§ Task to carry out:
Transcribe all records exactly; omit pictures.

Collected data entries
· · ·

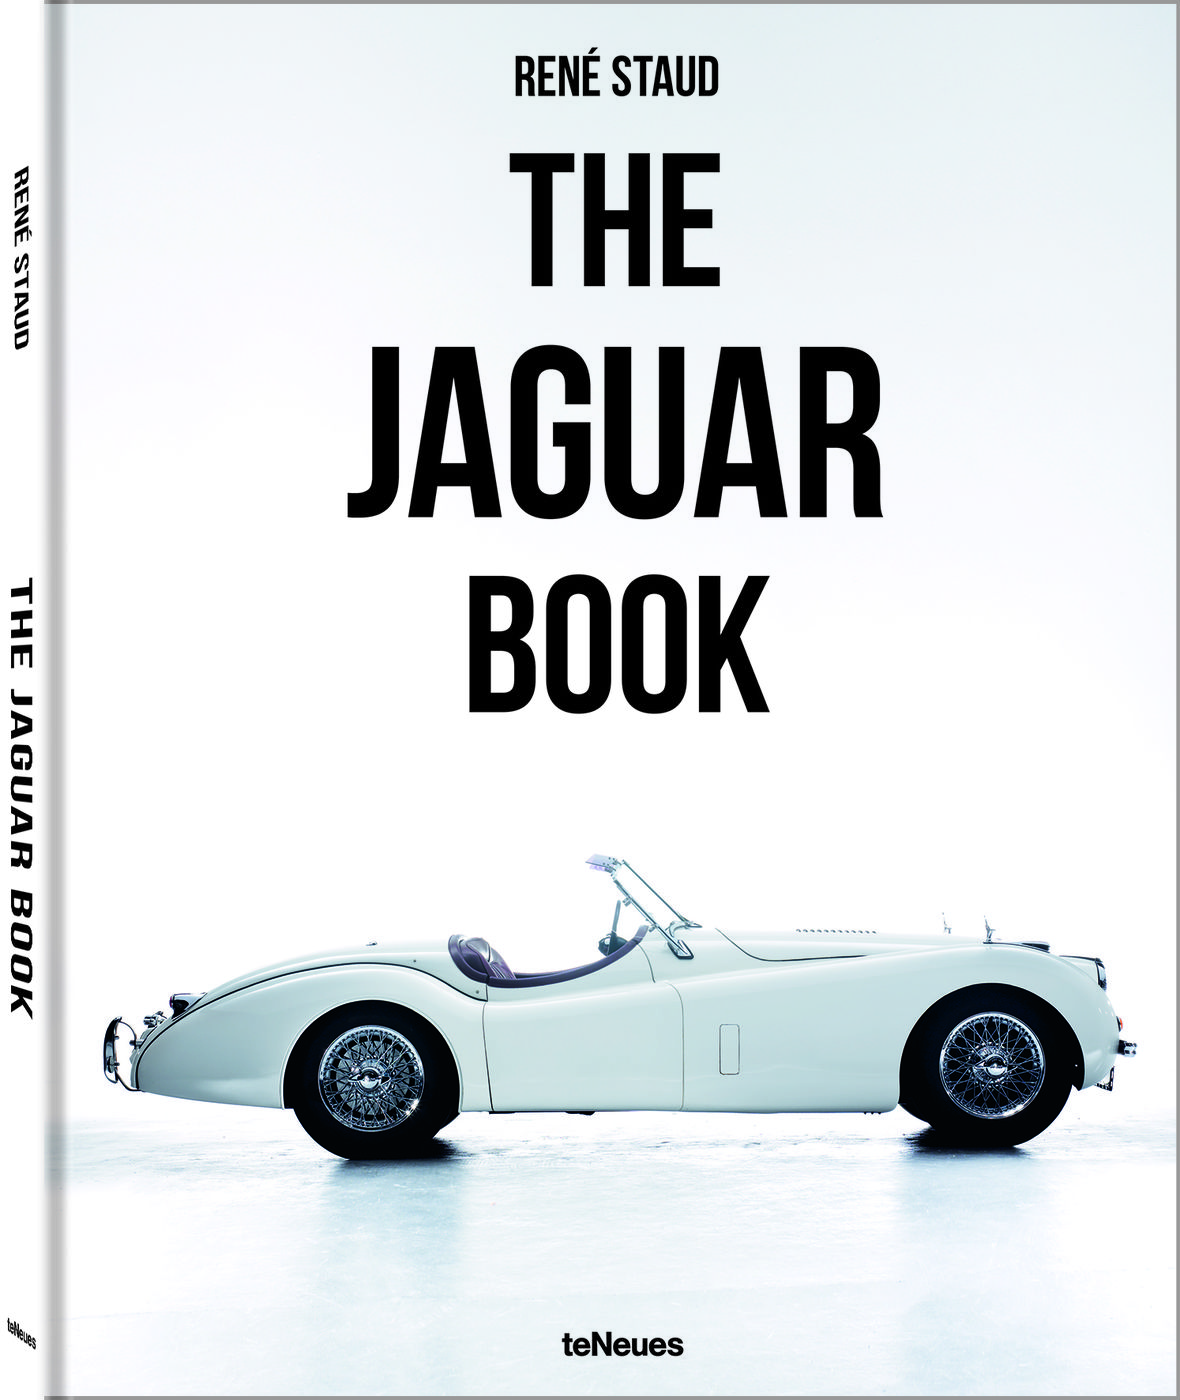 The Jaguar Book
The Jaguar Book
The Jaguar Book
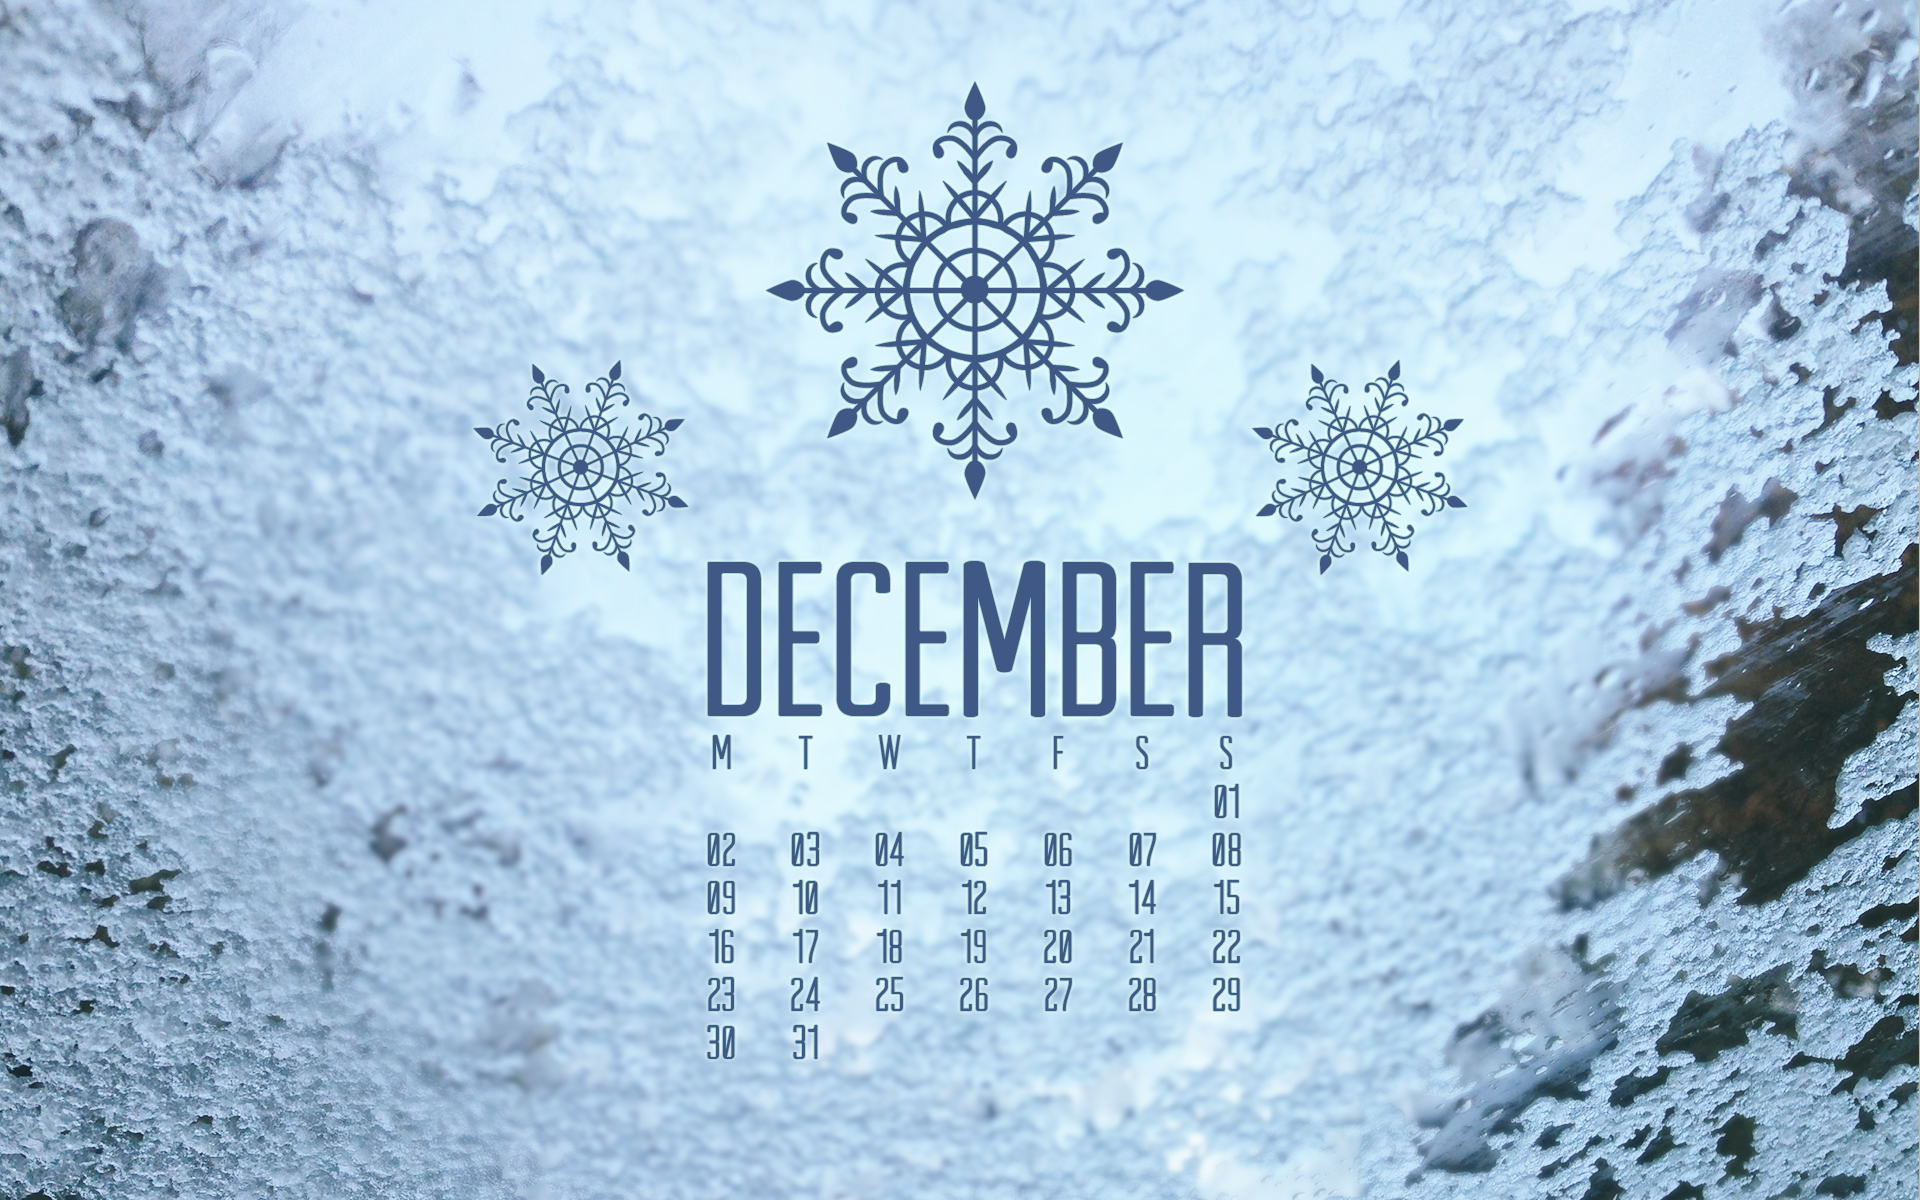 december wallpaper hd,text,font,winter,frost,freezing
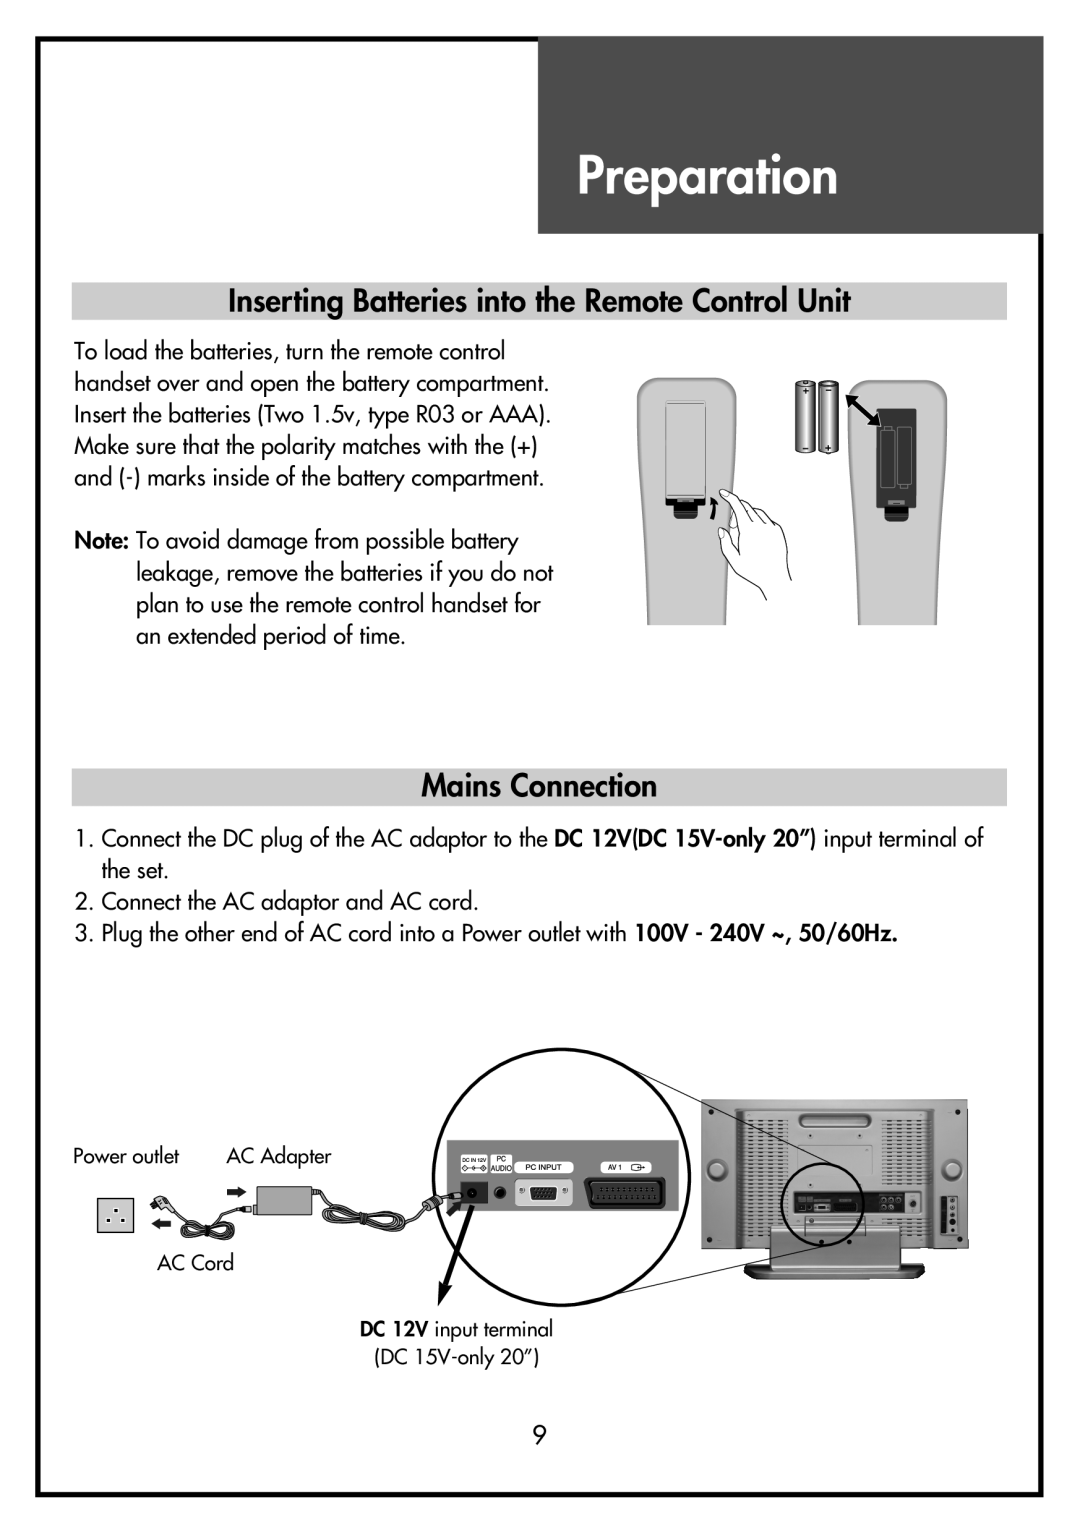 Daewoo DSL-20D4, DSL-15D3, DSL-15D4 Preparation, Inserting Batteries into the Remote Control Unit, Mains Connection

· · ·

§ Solution below:
 The Jaguar Book
The Jaguar Book
The Jaguar Book
 december wallpaper hd,text,font,winter,frost,freezing
 Daewoo DSL-20D4, DSL-15D3, DSL-15D4 Preparation, Inserting Batteries into the Remote Control Unit, Mains Connection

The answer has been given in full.